Un ami m’a demandé pourquoi je me présentais comme « ancien journaliste ». Parce que je ne tire plus mes revenus de ce métier, et que je n’ai plus envie de relayer des infos auxquelles je ne crois pas (plus). Même si on reste journaliste dans l’âme toute sa vie.

Radio Amitié Yopougon, échec au casting de Radio Côte d’Ivoire ( 2007) , Radio Atlantique et Elit FM, échec au casting de Radio Nostalgie Abidjan,( 2008) Alerte Info ( Abidjan, San Pedro, Cotonou), LC2 Télévision grâce à Patrice Louis du journal Le Monde, Afrikatv et des piges indirectes pour Vox Africa, Africable et CGTN français ( la chaîne officielle chinoise).

Des souvenirs foisonnent dans mon esprit. La couverture de la présidentielle au Togo en février 2010, la présidentielle béninoise d’avril 2011, les coulisses de la CAN 2012 à Cotonou pour LC2/ Afnex, la présidentielle d’avril 2016 en Guinée équatoriale, la quinzaine de voyages au Congo-Brazzaville entre 2012 et 2016, la traversée du fleuve Congo par le beach de Brazza, l’interview de Papa Wemba à son QG de Kasavubu à Kinshasa, la couverture de la fête de la liberté à N’Djamena et l’interview du Premier ministre Emmanuel Nadingar, les interviews de Thierno Monénembo, Tiken Jah et Dibango à Cotonou, l’interview de Malika Bongo à Librevillle, l’interview de Roland Lumumba à Abidjan, celle de Richard Attias à Brazzaville, survoler Brazzaville – Sibiti dans le jet privé d’un officiel congolais, la couverture du sommet mondial des femmes présidents de parlement à Abu Dhabi aux Émirats arabes unis…J’en oublie..

Ce n’est pas interroger des personnalités qui m’a le plus marqué. C’est le souvenir du contact humain. Par exemple, en tant que chef d’édition, préparer en off le squelette du script pour le prompteur, nouer et ajuster la cravate du présentateur-vedette des JT du week-end de LC2 Télévision, Steev Hondjo. Passer un mois en forêt équatoriale auprès des populations rurales congolaises. Apprendre de la résilience du peuple malien dans les rues de Bamako, après l’attentat du Radisson Blu en novembre 2015. Ça ne s’oublie pas.

Ces expériences m’ont permis de comprendre des choses. Par exemple, que sur le continent. le journalisme se pratiquait encore dans la précarité. Les patrons d’entreprise de presse tirent leur épingle du jeu grâce à leurs connexions avec le monde politique et celui des affaires. Mais les journalistes crèvent dans le dénuement.
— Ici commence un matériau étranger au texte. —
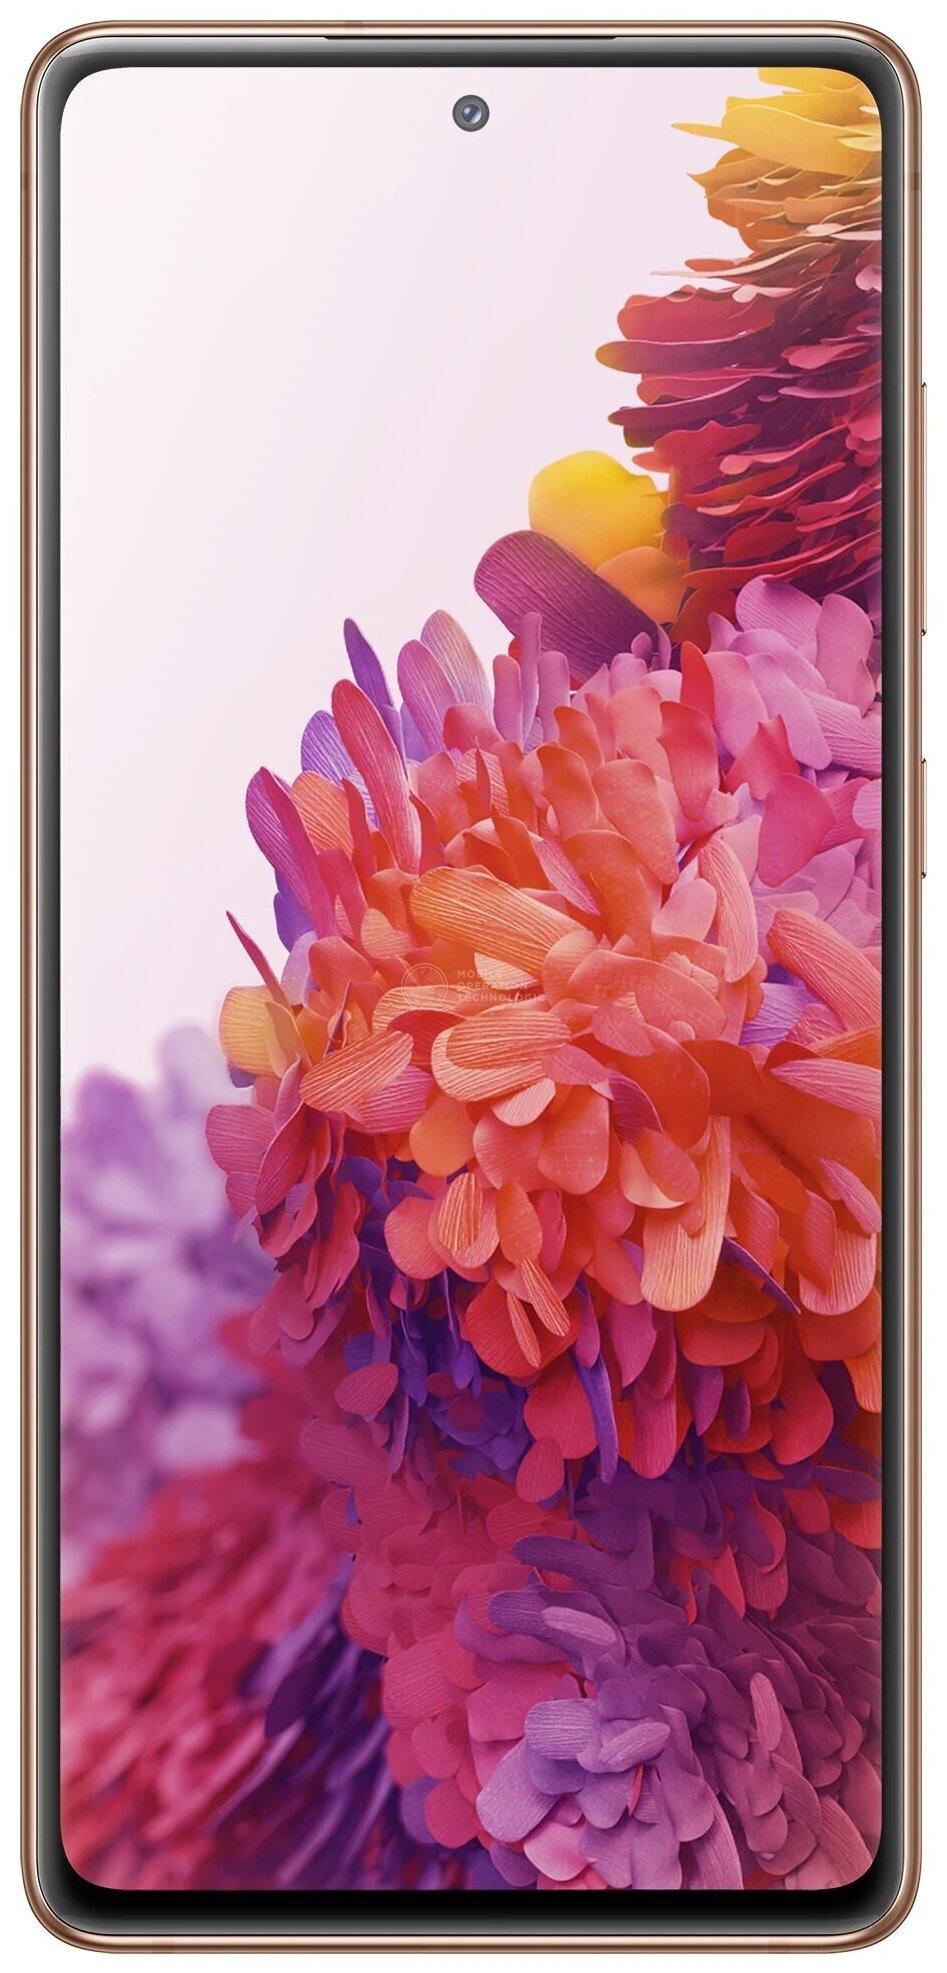 Samsung Galaxy S20 FE (SM-G780F)

Pourquoi un journaliste payé à 100.000 FCFA ( 150 euros) au mépris de conventions collectives existantes reste-t-il au sein d’une rédaction pendant des années? Parce que hors du système, hors de la rédaction, hors antenne, il ne représente plus rien et son téléphone cesse de sonner. Il est vite oublié.Il y a quelques semaines, une présentatrice congolaise de la Télévision nationale est décédée des suites d’une agression par des kulunas ( versant des microbes ivoiriens). Elle cherchait à rentrer à moto-taxi après avoir présenté le dernier JT de 23h. Inadmissible et révoltant.

Dans ce métier, il faut se battre avec ses propres armes et laisser parler son travail. Ne rien attendre de personne parce que les connexions et opportunités ne viennent jamais là où vous pensez qu’elles viendront. Ils ne sont pas nombreux les devanciers et confrères qui ont une âme de passeur. Beaucoup de ceux qu’on admire à l’écran ou à l’antenne ne conçoivent la lumière pour eux et par eux. Ils savent ce que vous faites et ce que vous valez mais ils vous snoberont par complexe de supériorité ou d’infériorité.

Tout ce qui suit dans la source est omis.